The Louisiana Supreme Court faced this very issue in Dixon v. King, 178 La. 1, 150 So. 385 (1933). It was held therein that Section 1333 could not be used to accelerate installments payable only during the period of disability.

“The whole amount of a judgment for compensation at $12.51 per week during the period of disability is not 150 times $12.51, merely because the judgment contains a maximum limit of 150 weekly payments. In other words, the statutory limitation of 150 weeks does not create the presumption that the whole amount of a judgment for compensation to be paid in weekly installments during the period of disability will be 150 times the amount of one weekly installment.” Dixon v. King, above at 386.

Plaintiff attempts to distinguish Dixon on the point that in Dixon, unlike in the instant case, the defendant-employer alleged and proved that the employee’s disability had ceased. We believe this difference to be without significance. The basis for the Dixon decision was that the benefits were terminable when and if the plaintiff’s incapacity ended, not that this possibility had in fact materialized.

We are supported in our interpretation of Dixon and Section 1333 by the cases of Broussard v. Dumas Chevrolet Co., 135 So.2d 614 (La.App. 4th Cir. 1961), and Marcantel v. Manuel, 134 So.2d 615 (La.App. 3d Cir. 1961). Also see Malone, Louisiana Workmen’s Compensation Law and Practice, § 388 (1951).

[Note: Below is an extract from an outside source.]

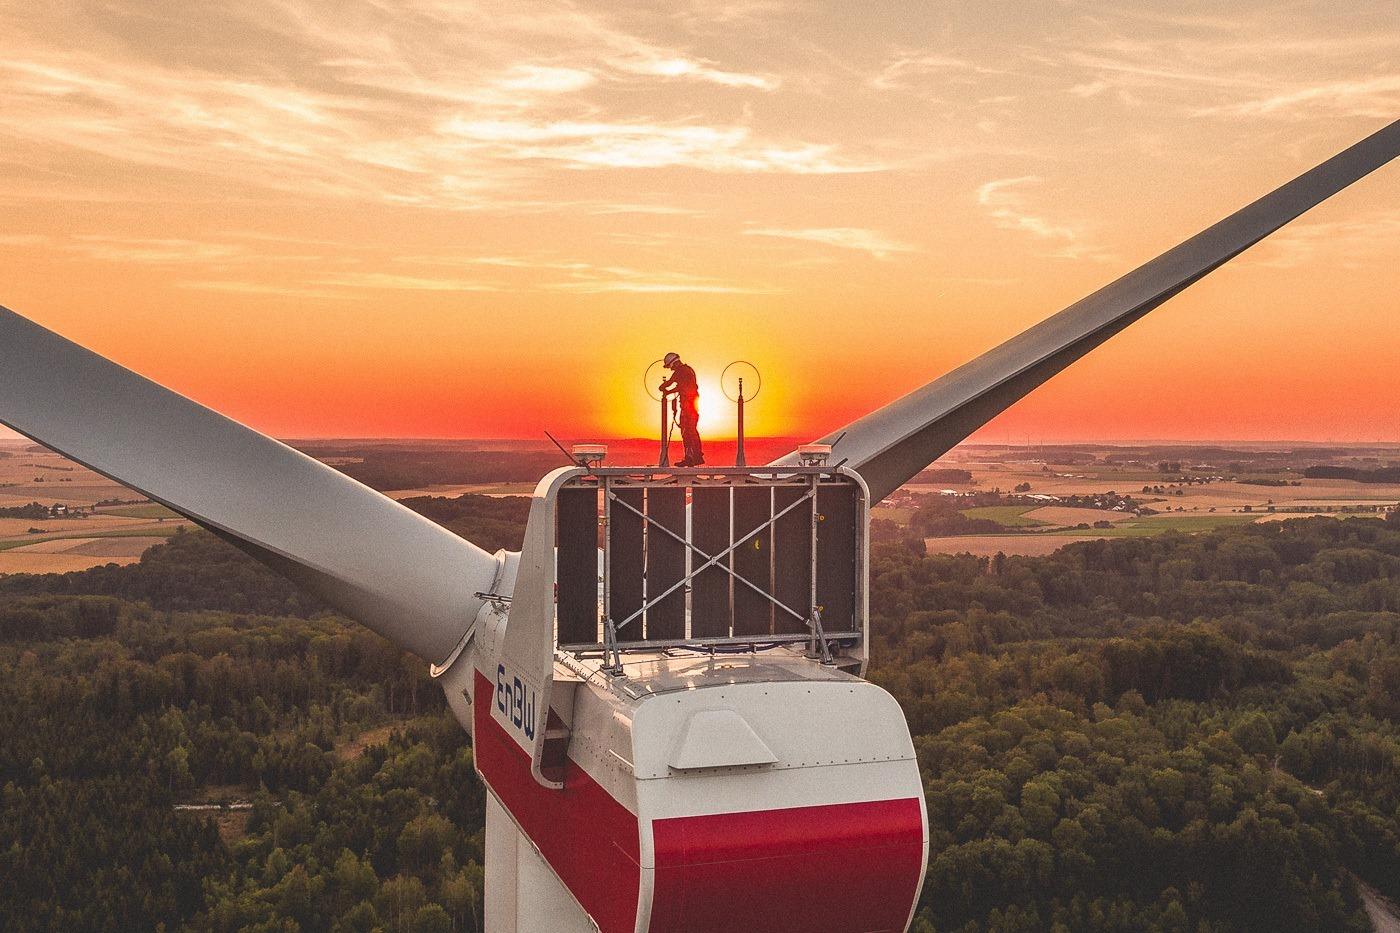 Development wind manager

For the reasons assigned, the judgment appealed from is affirmed at plaintiff’s cost.

AFFIRMED. 
      
      . § 1331. Modification by agreement of parties, approval by court; judicial review.
      A judgment of compensation may be modified by subsequent agreement between the parties, with the approval of a judge of the court which rendered the same.
      At any time six months after the rendition of a judgment of compensation, a judge of the trial court that rendered the judgment shall review the same upon the application of either party for a modification thereof, on the grounds that the incapacity of the employee has been subsequently diminished or increased, or that the judgment was obtained through error, fraud, or misrepresentation. In such cases the provisions of R.S. 23:1121 through R.S. 23:1124 with reference to medical examinations shall apply.